The first is a manual evaluation, carried out by professional members of Yahoo!'s editorial evaluation team. Each query - rewrite pair is considered by an evaluator, and is given a score on a scale from 1 to 4, based on their relevance judgment. The query rewrites that were more relevant with the original query assigned a score of 1, and the least related assigned a score of 4. The judgment scores are solely based on the evaluator's knowledge, and not on the contents of the click graph. The evaluation metrics we used were precision/recall (based on the editorial scores), the query coverage (number of queries for which each method manages to provide at least one rewrite) as well as the query rewriting depth (number of query rewrites that a method provides for a given query). In summary, evidence-based simple Simrank outperforms simple Simrank and Pearson both in query coverage, rewriting depth and precision/recall. Weighted Simrank maintains the query coverage and rewriting depth of evidence-based Simrank but substantially boosts the precision of the rewrites.
Our second evaluation method addresses the question of whether our methods made the ``right'' decision based on the evidence found in the click graph. The basic idea is to remove certain edges from the click graph and to see if using the remaining data our schemes can still make useful inferences related to the missing data (desirability prediction). Weighted Simrank outperforms all other alternatives here.

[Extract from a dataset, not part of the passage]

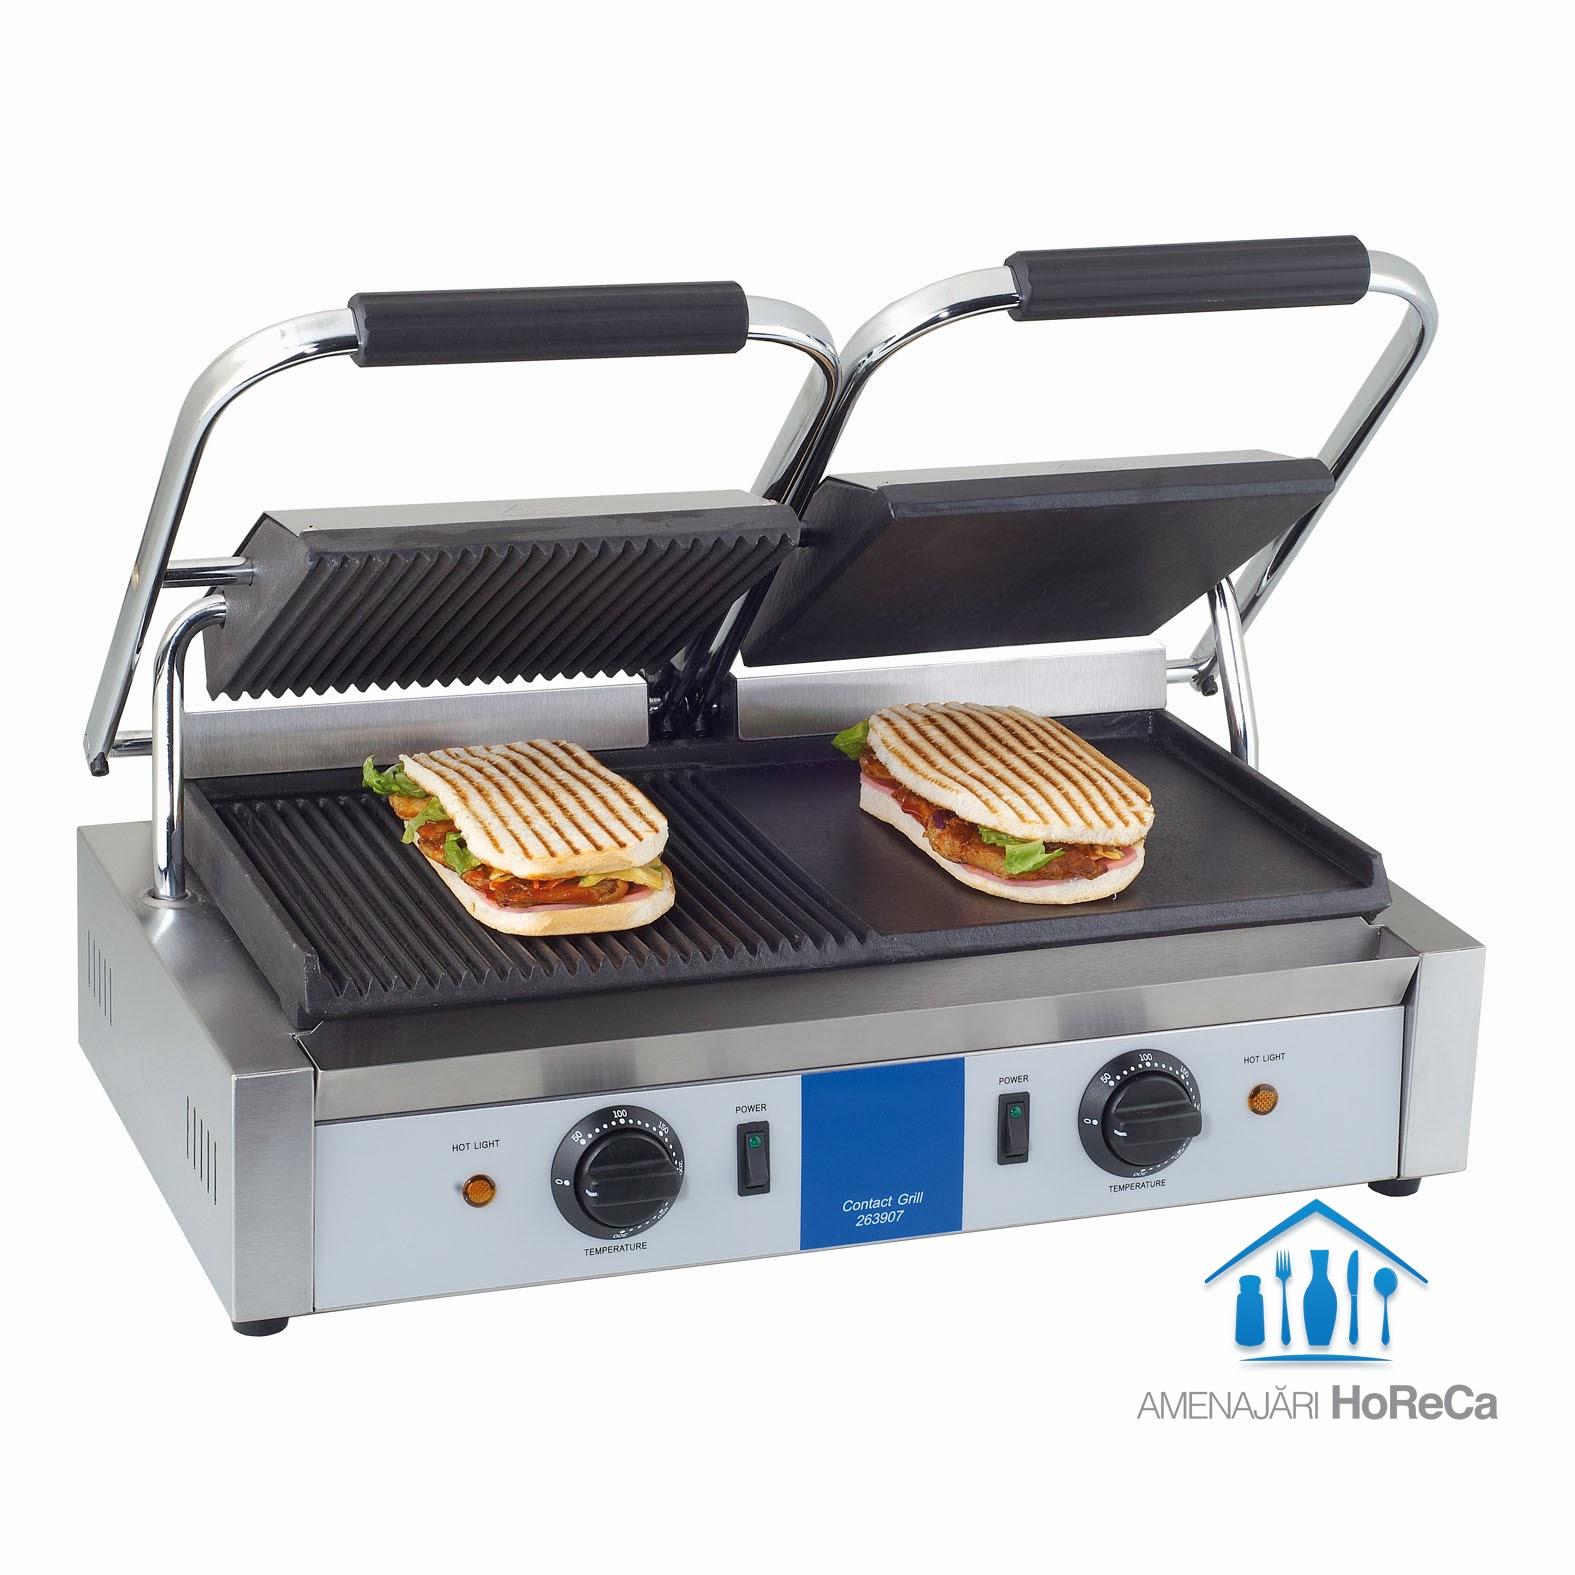 Sandwich Maker Grill, Model Dublu, Utilaje Fast Food, HoReCa

More details on the evaluation method and the results can be found on the extended version of the paper [1].
We have discussed the problem of query rewriting for sponsored search. We propose Simrank to exploit the click graph structure and we introduce two extensions: one that takes into account the weights of the edges in the click graph, and another that takes into account the ``evidence'' supporting the similarity between queries. Our experimental results show that weighted-based Simrank is the overall best method for generating rewrites based on a click graph.
Even though our new schemes were developed and tested for query rewriting based on a click graph, we suspect that the weighted and evidence-based Simrank methods could be of use in other applications that exploit bi-partite graphs. We plan to experiment with these schemes in other domains, including collaborative filtering.